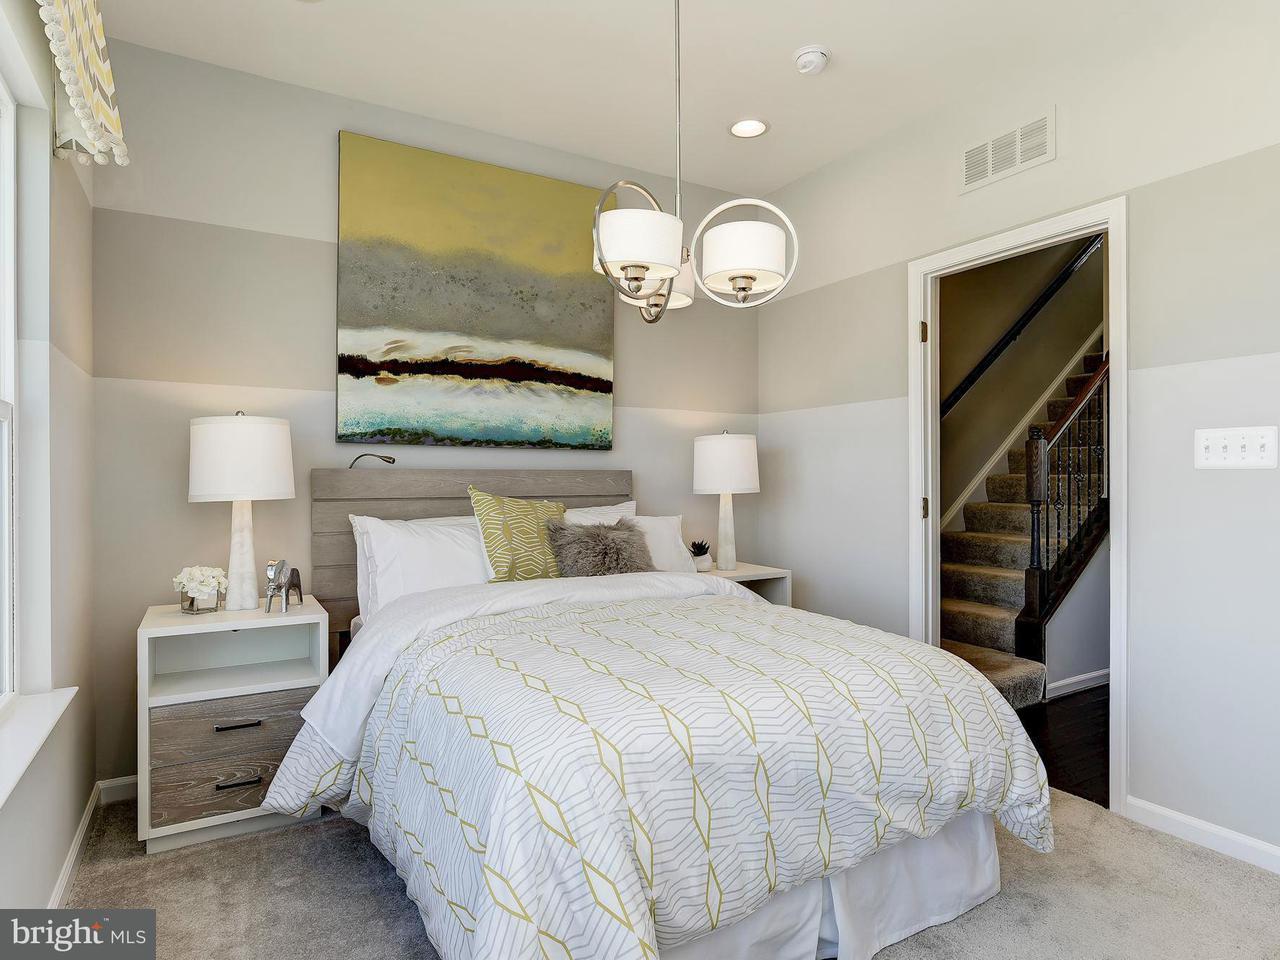 Additional photo for property listing at 3619 JAMISON ST NE 3619 JAMISON ST NE Washington, Distrito De Columbia 20018 Estados Unidos
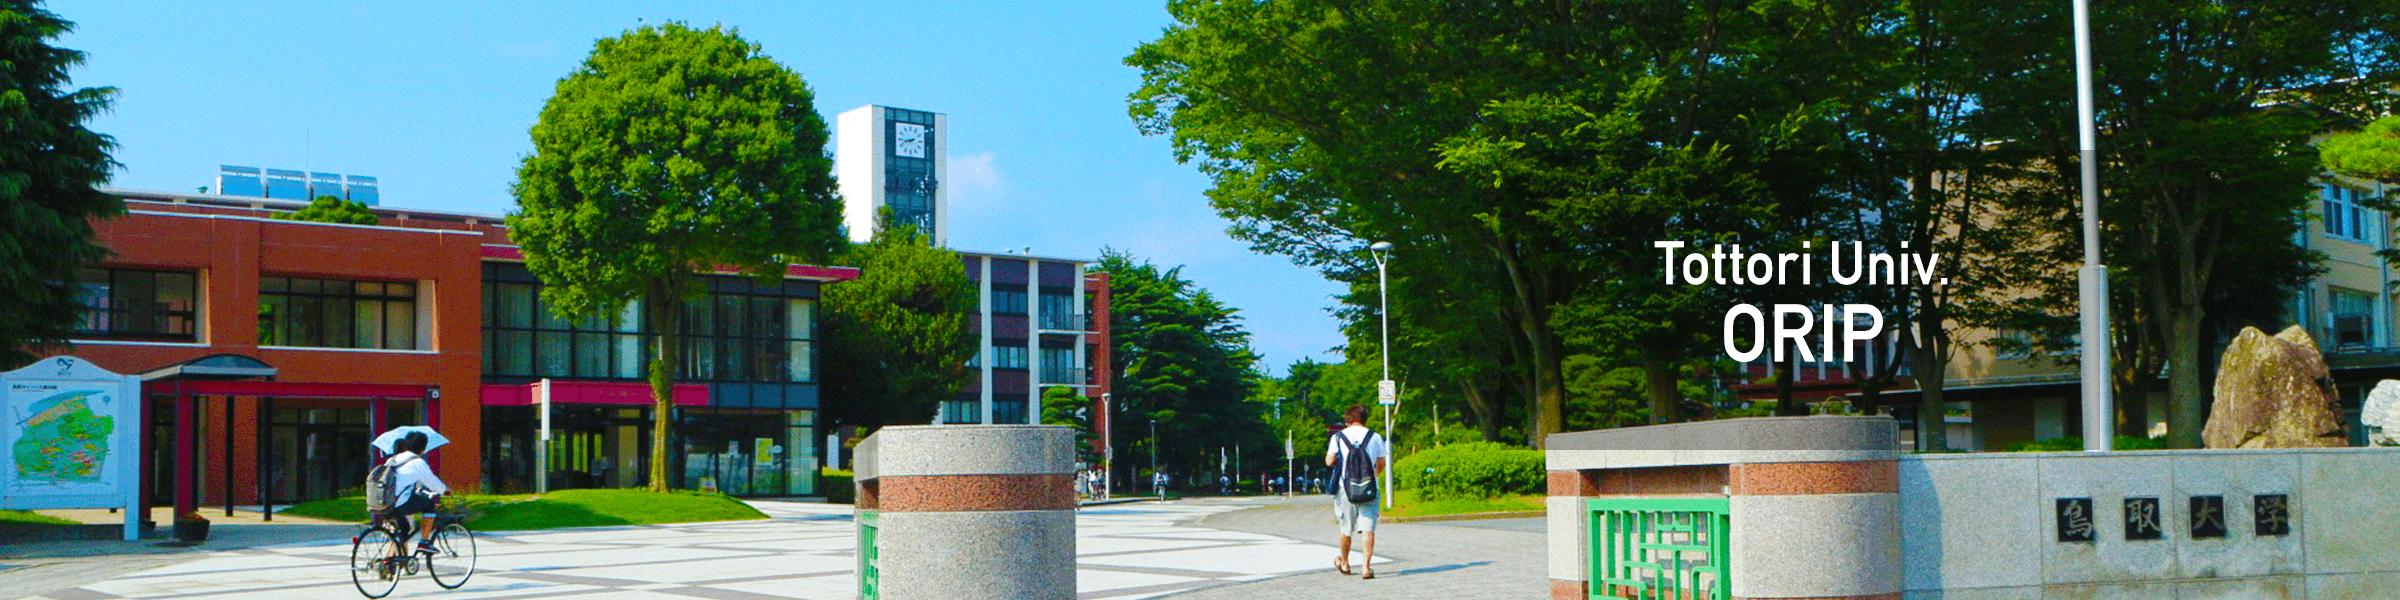 Organization for Research Initiative and Promotion 鳥取大学研究推進機構
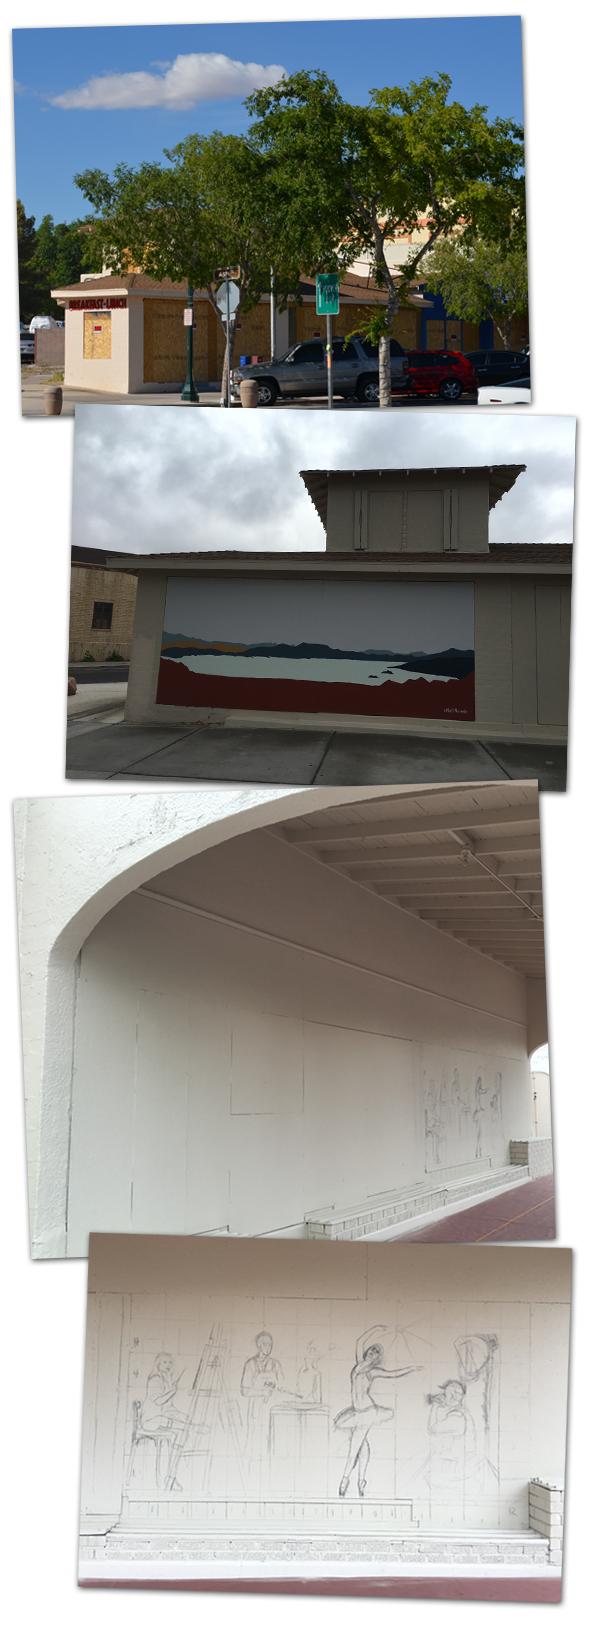 Browder Building Murals in Boulder City, Nevada

## Your goal
The full listing, reproduced exactly and without pictures, is the expected output.

## Answer section
 Additional photo for property listing at 3619 JAMISON ST NE 3619 JAMISON ST NE Washington, Distrito De Columbia 20018 Estados Unidos
 Organization for Research Initiative and Promotion 鳥取大学研究推進機構
 Browder Building Murals in Boulder City, Nevada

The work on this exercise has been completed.